Pub Date : 2025-01-06DOI: 10.1093/gigascience/giaf003
Tianming Lan, Yinping Tian, Minhui Shi, Boyang Liu, Yu Lin, Yanling Xia, Yue Ma, Sunil Kumar Sahu, Qing Wang, Jun Li, Jin Chen, Fanghui Hou, Chuanling Yin, Kai Wang, Yuan Fu, Tengcheng Que, Wenjian Liu, Huan Liu, Haimeng Li, Yan Hua
A high-quality reference genome coupled with resequencing data is a promising strategy to address issues in conservation genomics. This has greatly enhanced the development of conservation plans for endangered species. Pangolins are fascinating animals with a variety of unique features. Unfortunately, they are the most trafficked wild animal in the world. In this study, we assembled a chromosome-scale genome with HiFi long reads and Hi-C short reads for the Chinese and Malayan pangolin and provided two new representative reference genomes for the pangolin species. We found a great improvement in the evaluation of genetic diversity and inbreeding based on these high-quality genomes and obtained different results for the detection of genome-wide extinction risks compared with genomes assembled using short reads. Moderate inbreeding and genetic diversity were reverified in these two pangolin species, except for one Malayan pangolin population with high inbreeding and low genetic diversity.

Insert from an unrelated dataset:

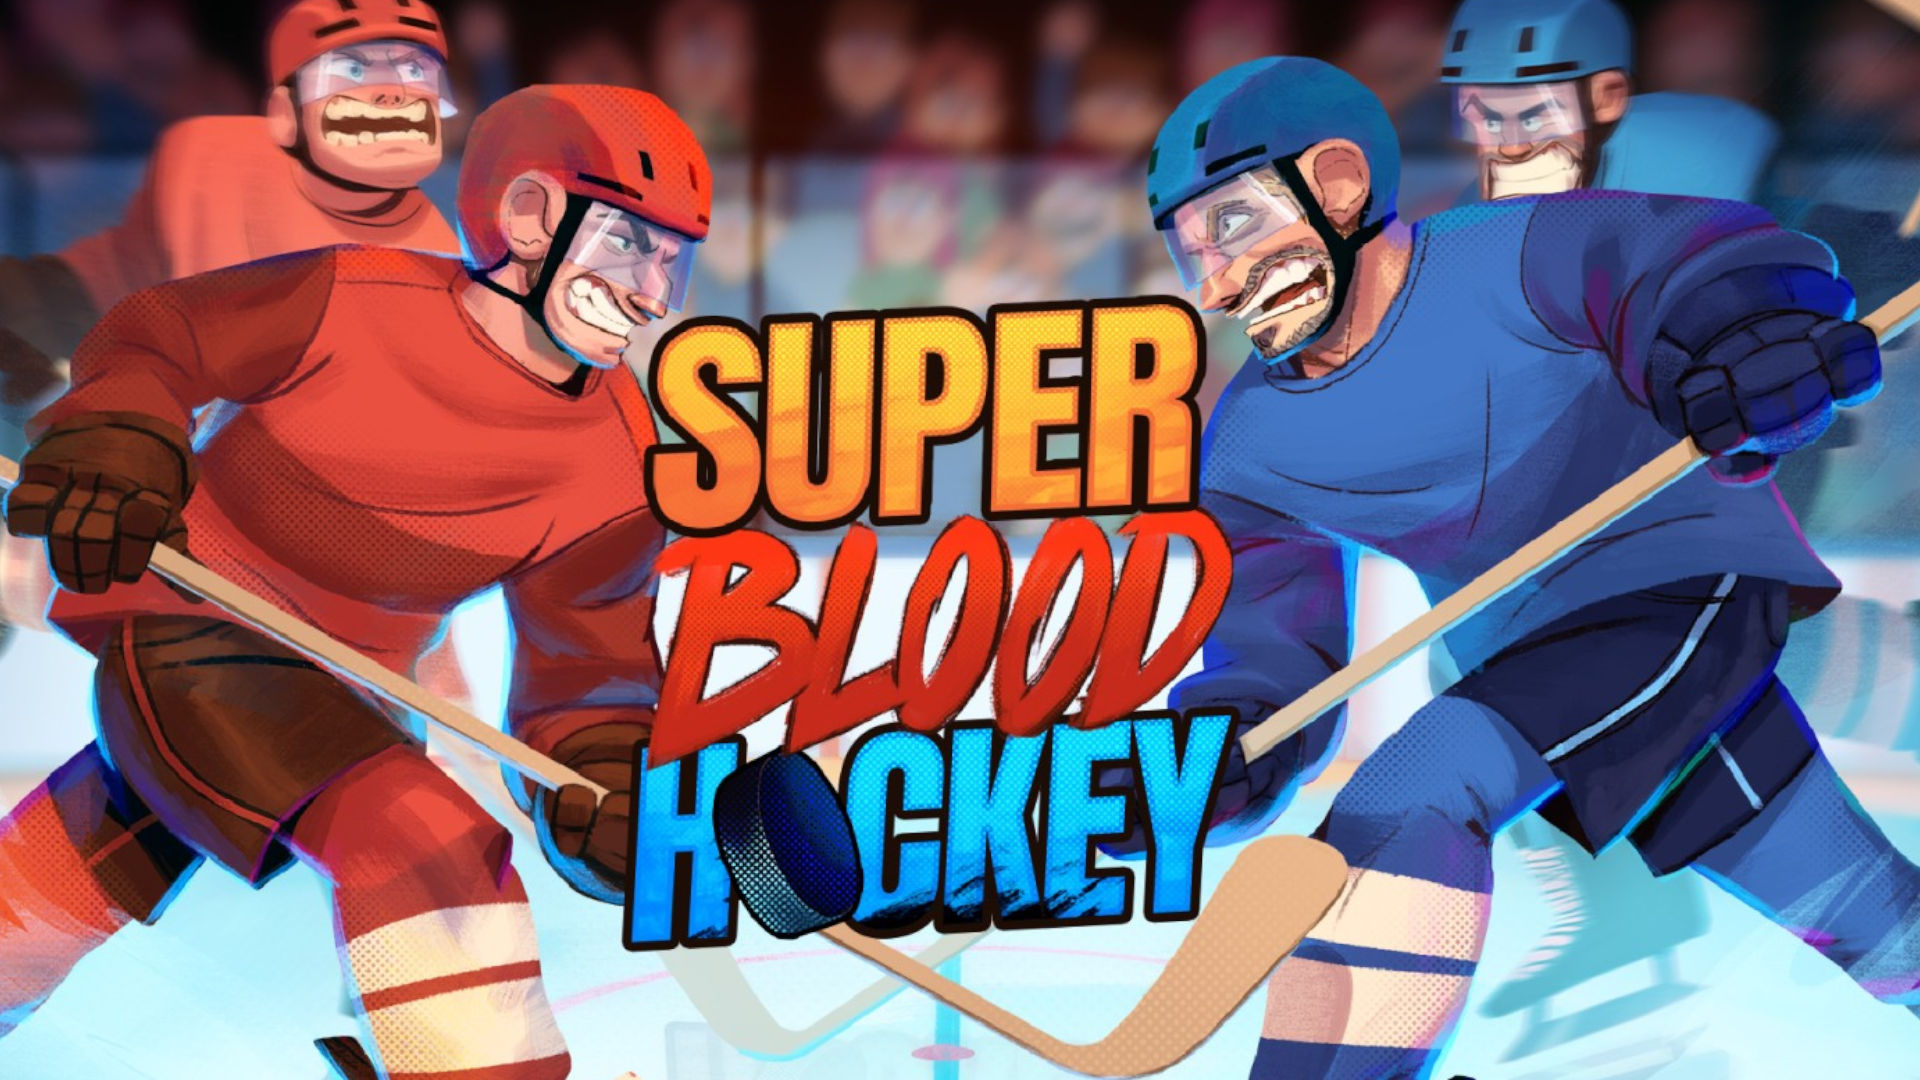 Cover art for Super Blood Hockey, one of the more violent Switch hockey games

Moreover, we identified a much higher inbreeding level (FROH = 0.54) in the Chinese pangolin individual from Taiwan Province compared with that from Mainland China, but more than 99.6% runs of homozygosity (ROH) fragments were restricted to less than 1 Mb, indicating that the high FROH in Taiwan Chinese pangolins may have accumulated from historical inbreeding events. Furthermore, our study is the first to detect relatively mild genetic purging in pangolin populations. These two high-quality reference genomes will provide valuable genetic resources for future studies and contribute to the protection and conservation of pangolins.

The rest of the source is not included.